Today, security vulnerabilities are increasingly plaguing large open source projects. According to RiskSense statistics, the number of open source software vulnerabilities more than doubled in 2019 compared to 2018. Considering that nearly 91 percent of commercial applications contain outdated or deprecated open source components, the impact of security vulnerabilities is far-reaching.
As a member of the open source software community, Google is well aware of the growing threat to open source projects posed by software supply chain attacks, and Allstar is its latest tool to improve security.
Allstar is an application that provides automatic and continuous enforcement of security best practices for GitHub projects. This new app works by allowing project owners in the GitHub repository to check for compliance with security policies, set the required enforcement actions, and then continuously enforce those actions when settings or files in the project repository change。

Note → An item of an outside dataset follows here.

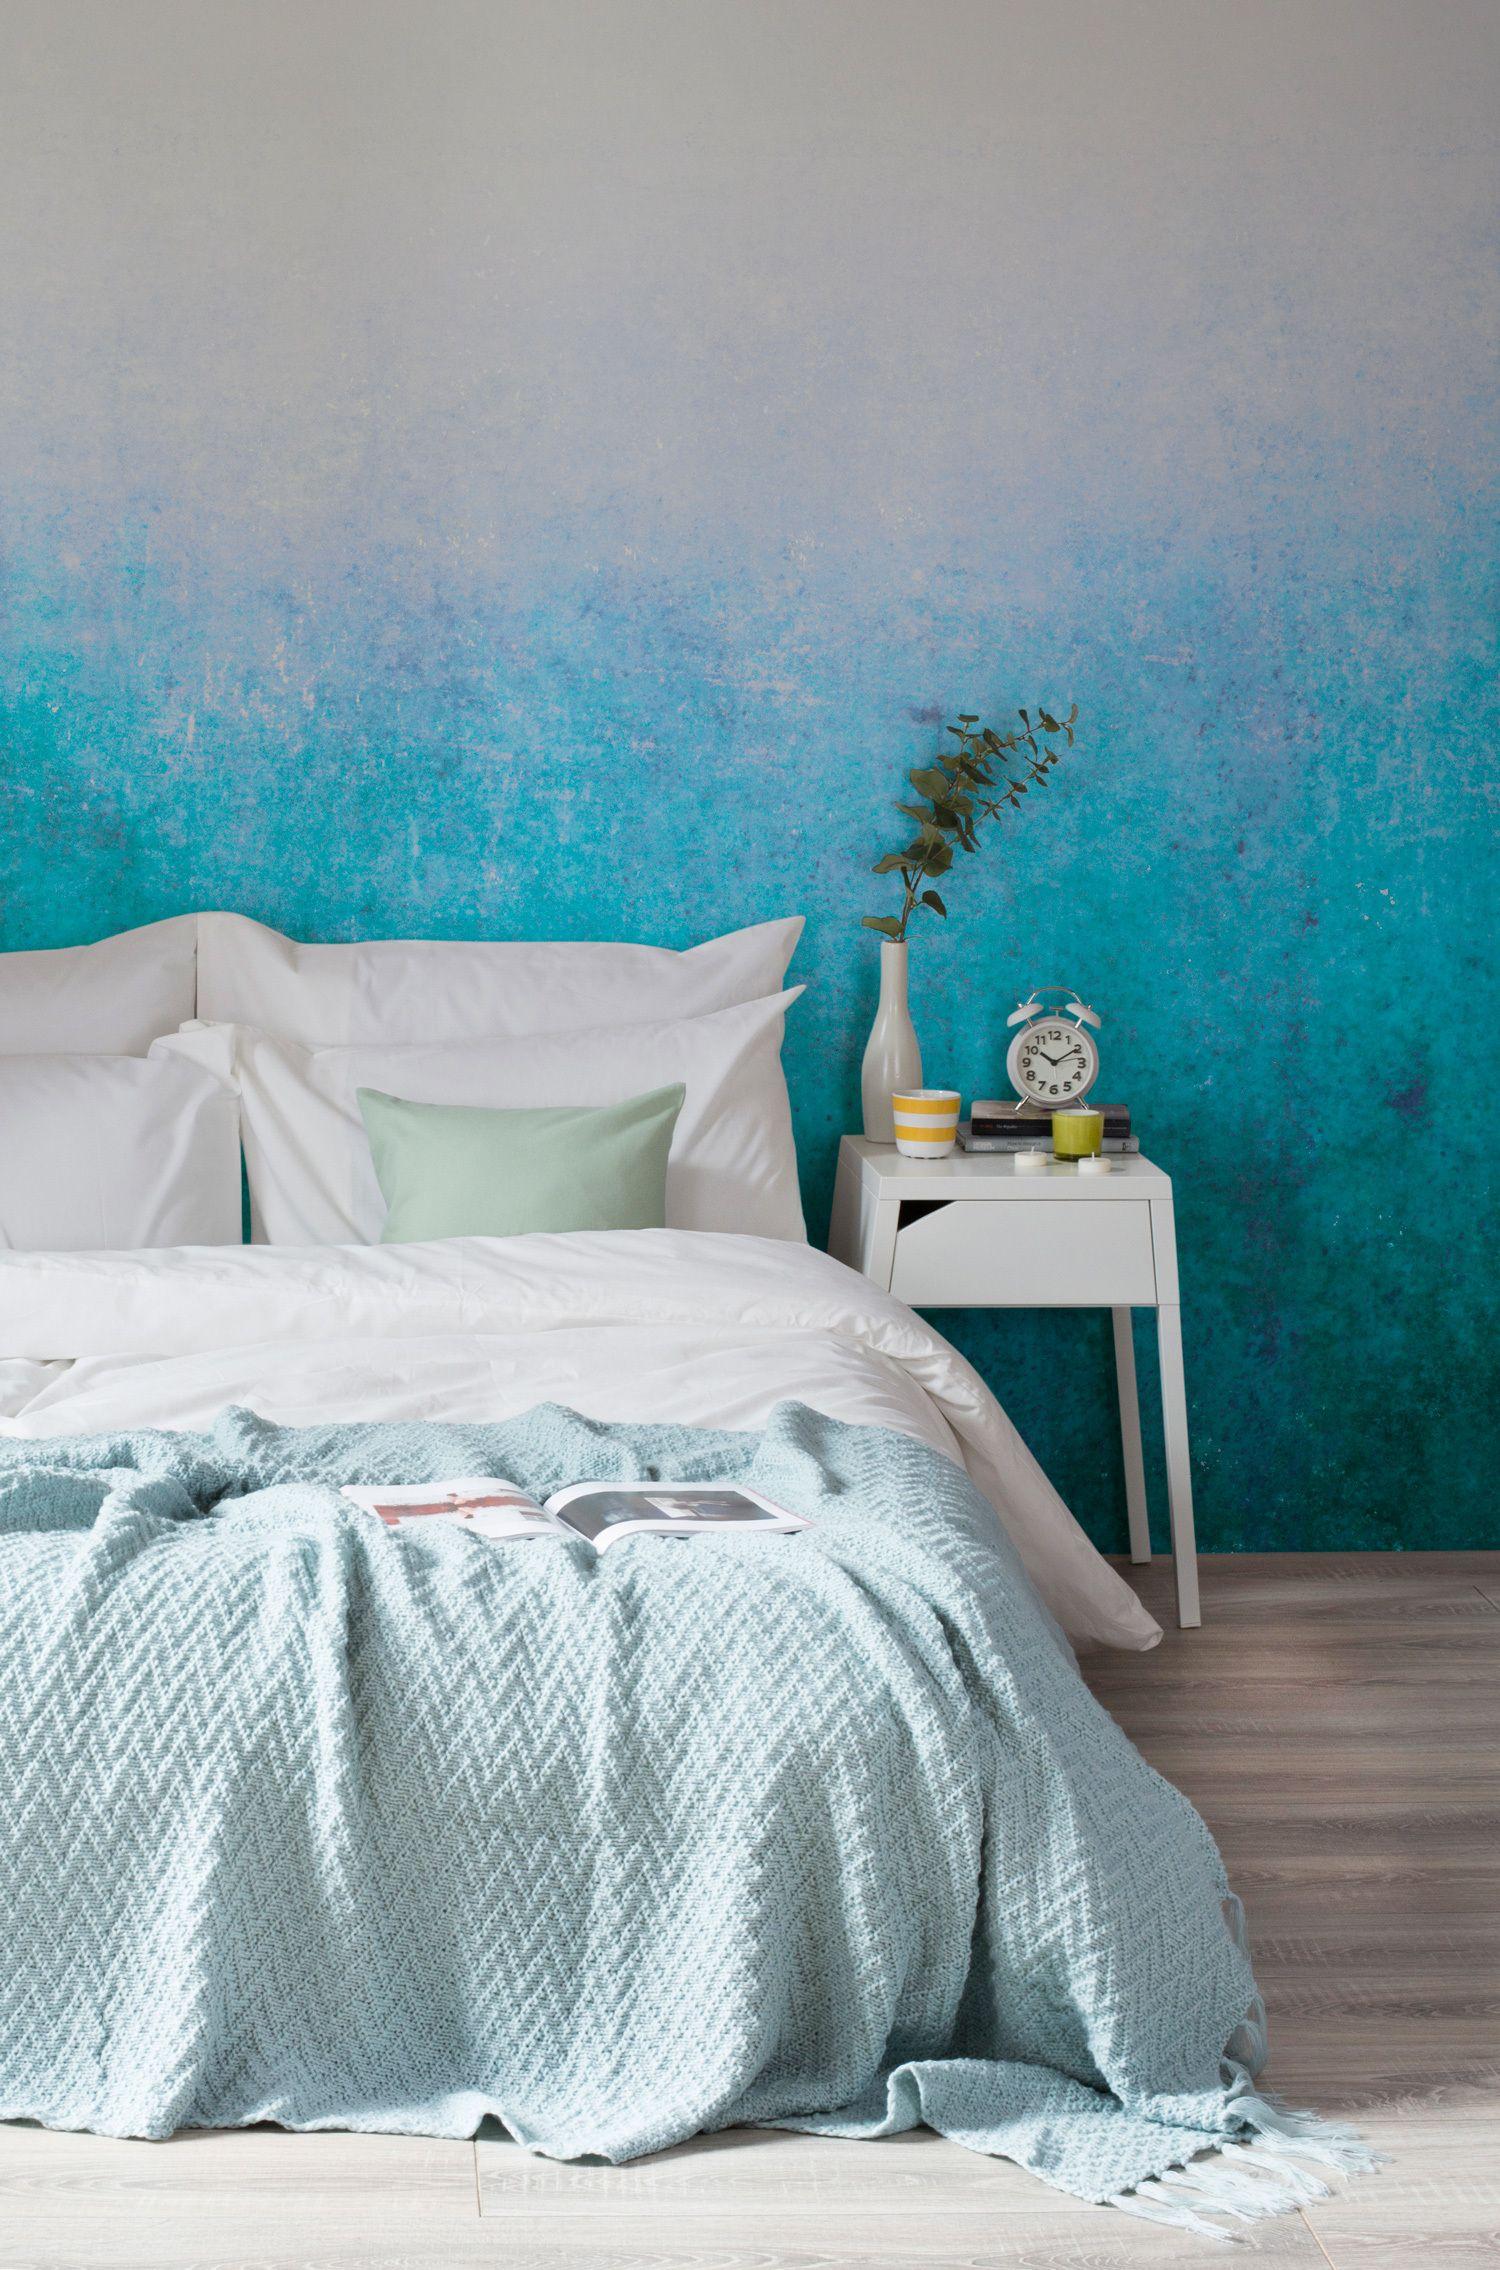 Blue Grunge Ombre Wallpaper Mural Hovia Apartment Decor Inspiration Apartment Decor Bedroom Wall Blue wallpaper room inspiration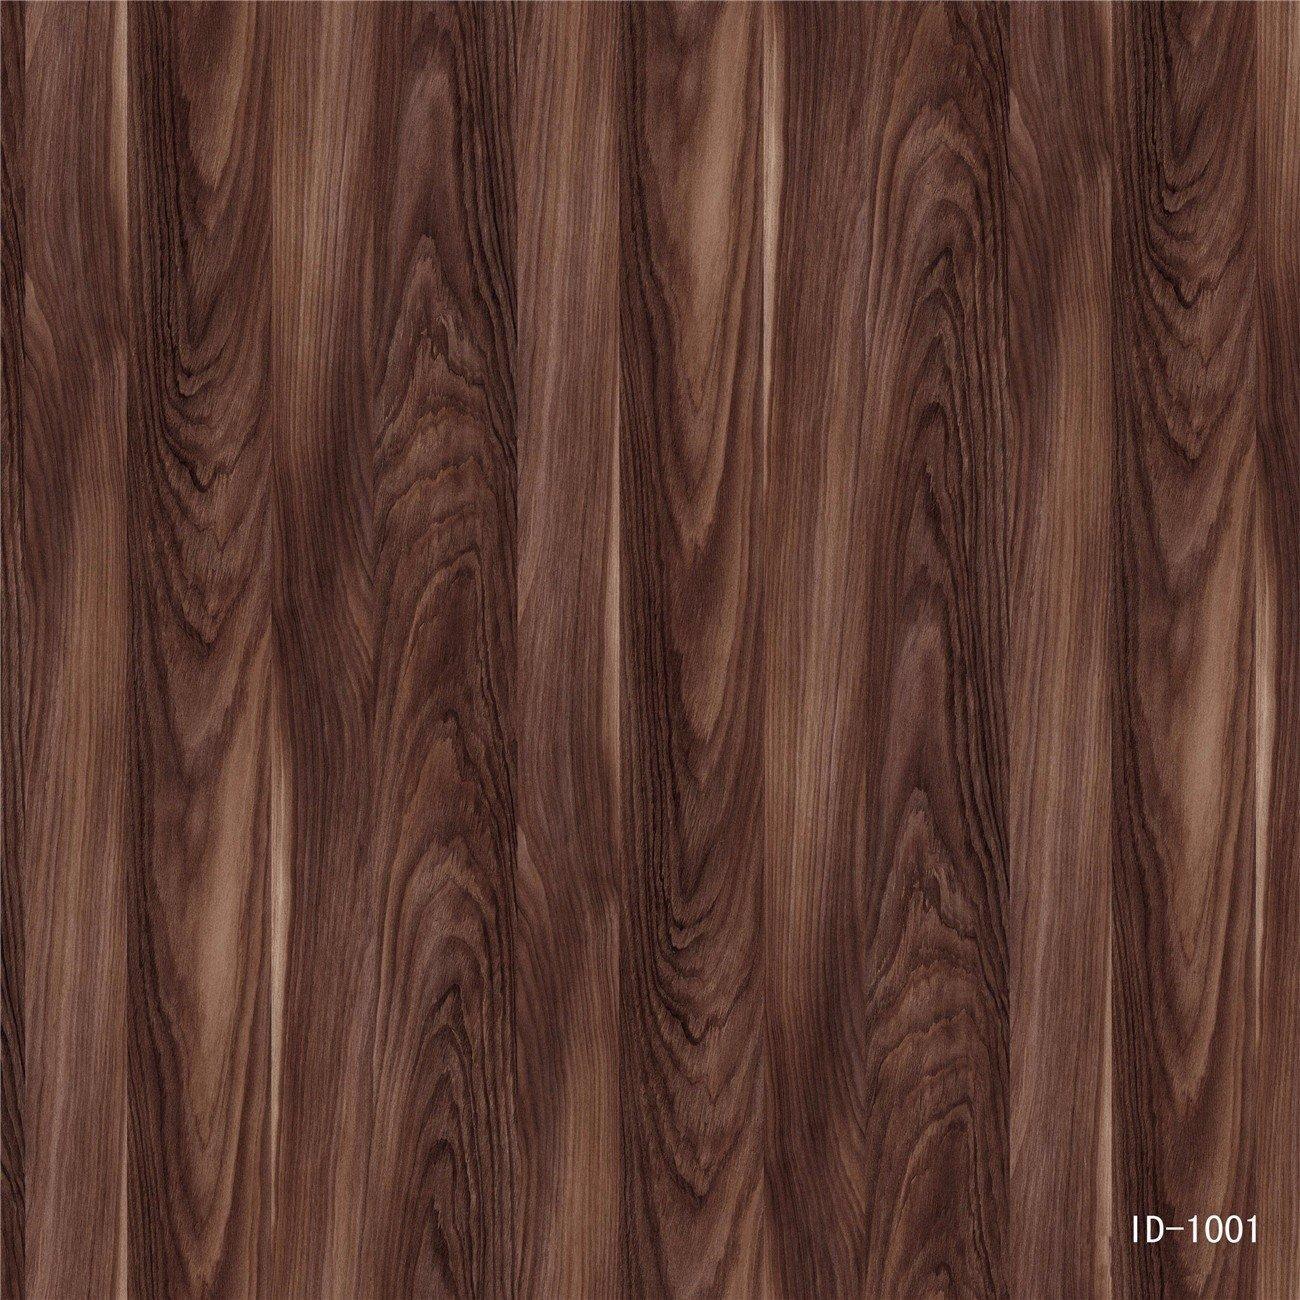 home decor id1001 I.DECOR Decorative Material Brand walnut melamine

Allstar is a companion product to Scorecards, another open source tool also maintained by Google, which automatically assesses the risk of any GitHub repository and its dependencies. scorecards checks for heuristics such as whether the project uses branch protection, cryptographically signed release artifacts, or requires code review, and generates a score for each category, and generates an evaluated score for each category to help users understand what areas might need improvement.
Allstar, on the other hand, can take over on this basis, giving project maintainers an easier way to automate the execution of specific security checks. Thus, if any repository fails a security check, Allstar automatically steps in and makes the fixes it deems necessary to resolve the issue. With this program it is possible to free developers from the daily repetition of checking and fixing.
Allstar Initial Security Policy Check/Implementation includes.
- Branch protection (for unauthorized pull requests, forced pushes, etc.).
- The existence of a SECURITY.md file that contains defined policies for responsible vulnerability disclosure.
- Enforcement of specific requirements for external collaborators (for example, users with warehouse administrator privileges must be members of the organization).
- Detection and alerting if binary artifacts are found in the repository.
The number of security policy checks that Allstar can perform is currently limited, and Google plans to roll out more policies over the next few months – including freezing dependencies and automatically updating dependencies.
Mike Maraya, Senior Program Manager at Google, said.
“In short, Scorecards help developers measure the current security status of their projects against the ultimate goals they want to achieve, and Allstar helps you get there. allstar is still in the early stages of development, so we welcome active use and feedback in the community.”
Interested developers can visit Allstat’s GitHub page for more details.